To make sure that the questionnaire also covered potential new important issues evolving during the pandemic the literature review was updated in October 2020, with results that was further explored in this phase III study, and in February 2021 without any new issues being reported [9].
Countries and participants in phase IIIA and phase IIIB
Countries from all continents were approached through professional networks, including the World Health Organization (WHO) COVID-19 clinical management team network. Partners from 11 countries (Austria, Croatia, Germany, Ghana, India, Norway, Palestine, Spain, Sweden, The Philippines, and United Kingdom) enrolled patients ensuring representation from different cultural areas.
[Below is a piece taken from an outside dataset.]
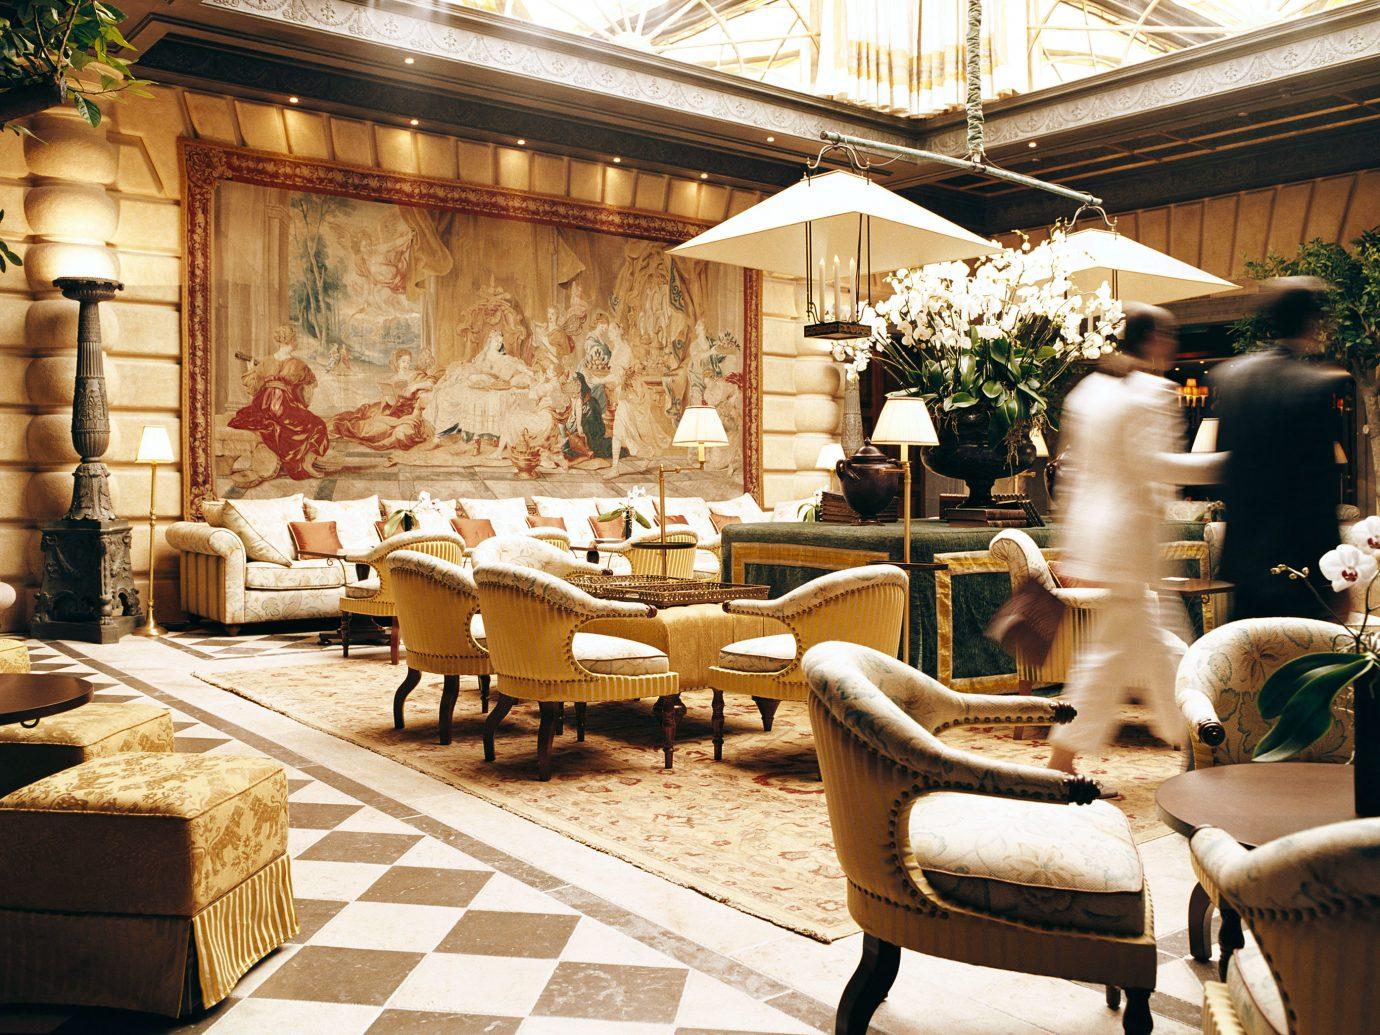 Bar Dining Drink Eat Elegant Hotels Luxury Luxury Travel Travel Tips Trip Ideas Lobby room living room estate interior design home furniture Design restaurant window covering several

The target population was ≥ 18 years, with verified SARS-CoV-2 infection (according to local/national standards) and active or previous symptomatic COVID-19. Patients in hospitals, nursing homes, at home, or in COVID-19 centers were eligible if they were able to read and comprehend the study documents. Patients in intensive care units could be enrolled after discharge. To ensure content validity of the final questionnaire according to guidelines, pre-specified enrollment matrices were used [24].These matrices were set up to ensure sufficient sample sizes with adequate distribution of participants to represent the target population. In phase IIIA (Online Appendix 1), we aimed to include 10–15 patients in each cell of the sample matrix, ≥ 5 patients per country, and ≥ 45 patients in total. In phase IIIB (Online Appendix 2), we aimed to include 15 patients per cell of the sample matrix and ≥ 300 patients in total [24], to allow for preliminary evaluation of the psychometric properties, in particular the hypothesized scale structure. In phase IIIB, participants in recovery, expected to have stable disease i.e., unlikely to experience any changes in the physical well-being, were asked to complete the questionnaire a second time after 14 days (± 2 days) to measure test–retest reliability. The target sample size for this part was 50 patients.
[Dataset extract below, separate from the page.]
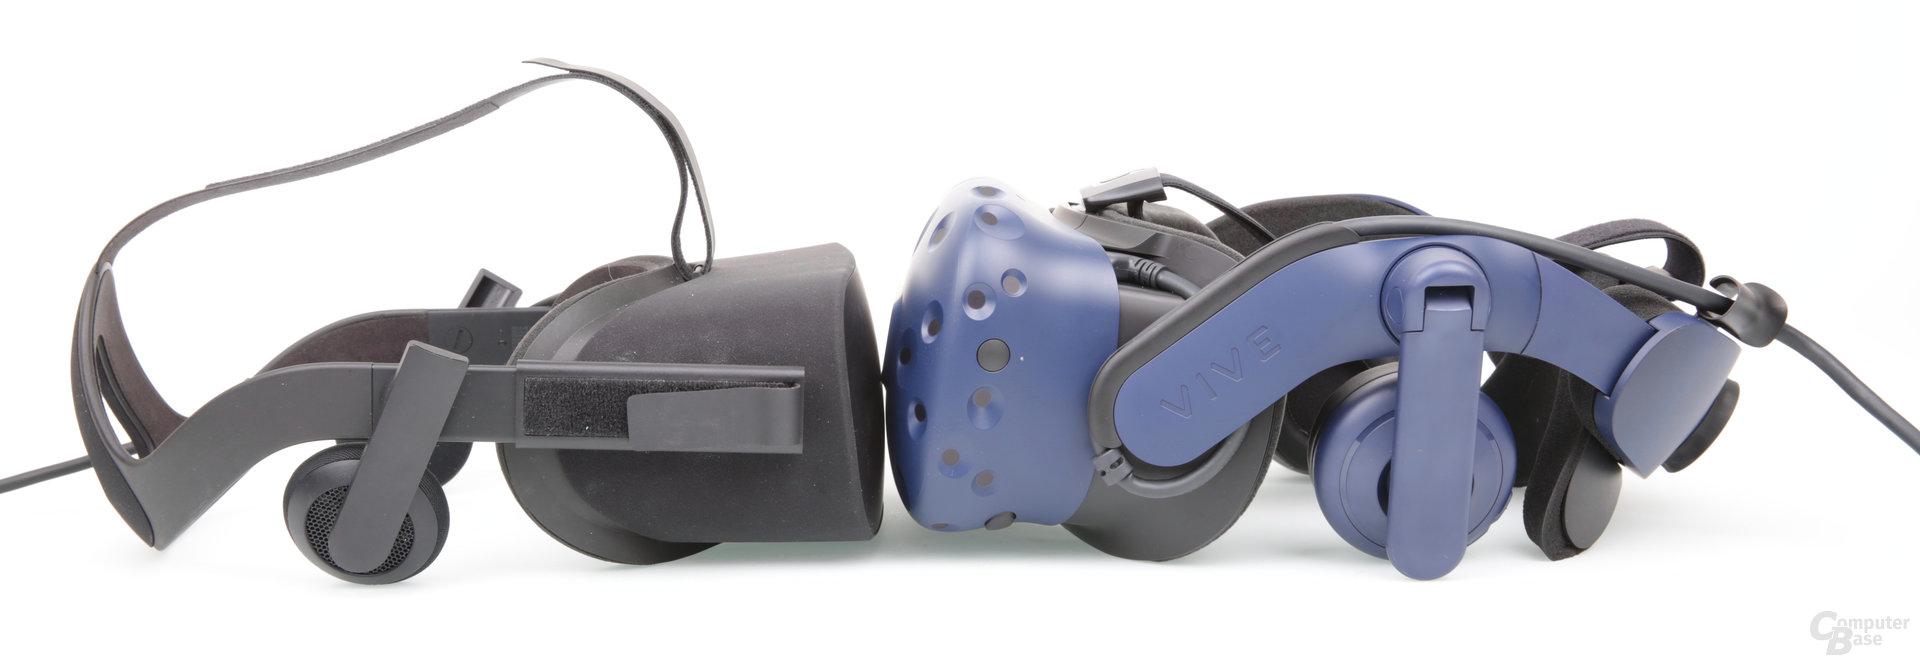 Oculus Rift vs. HTC Vive Pro

Phase IIIA: procedure, collection of data
Data collection in phase IIIA was performed from November 2020 until June 2021. The researchers in the 11 countries approached patients in hospital, nursing homes, and patients staying at home. After written informed consent, patients completed the provisional questionnaire, the QLQ-PW80, in their native language and recorded the completion time. This was followed by structured debriefing interviews by the research team documented with field notes (Online Appendix 3). Patients’ background information was collected (age, gender, hospitalization, time since diagnosis, disease severity, comorbidity). Whether the patients had experienced each item was assessed considering the whole disease period and reported as relevance (1 = not at all, 2 = a little, 3 = quite a bit, 4 = very much). If experienced, the extent they were troubled by this was regarded as a measure of importance (0 = not experienced, 1 = not at all to 4 = very much). We defined relevant items as those with relevance scores 2–4, and important items as those with importance scores 3 and 4. Patients were asked if any of the items were difficult to understand or confusing, annoying, or upsetting, and if any of the items overlapped with other items. The interviewer also asked about relevance and importance of any other issues not listed, but still experienced by the patient. Six items were assessed in more detail to explore how the patients interpreted/understood these issues (Appendix 4).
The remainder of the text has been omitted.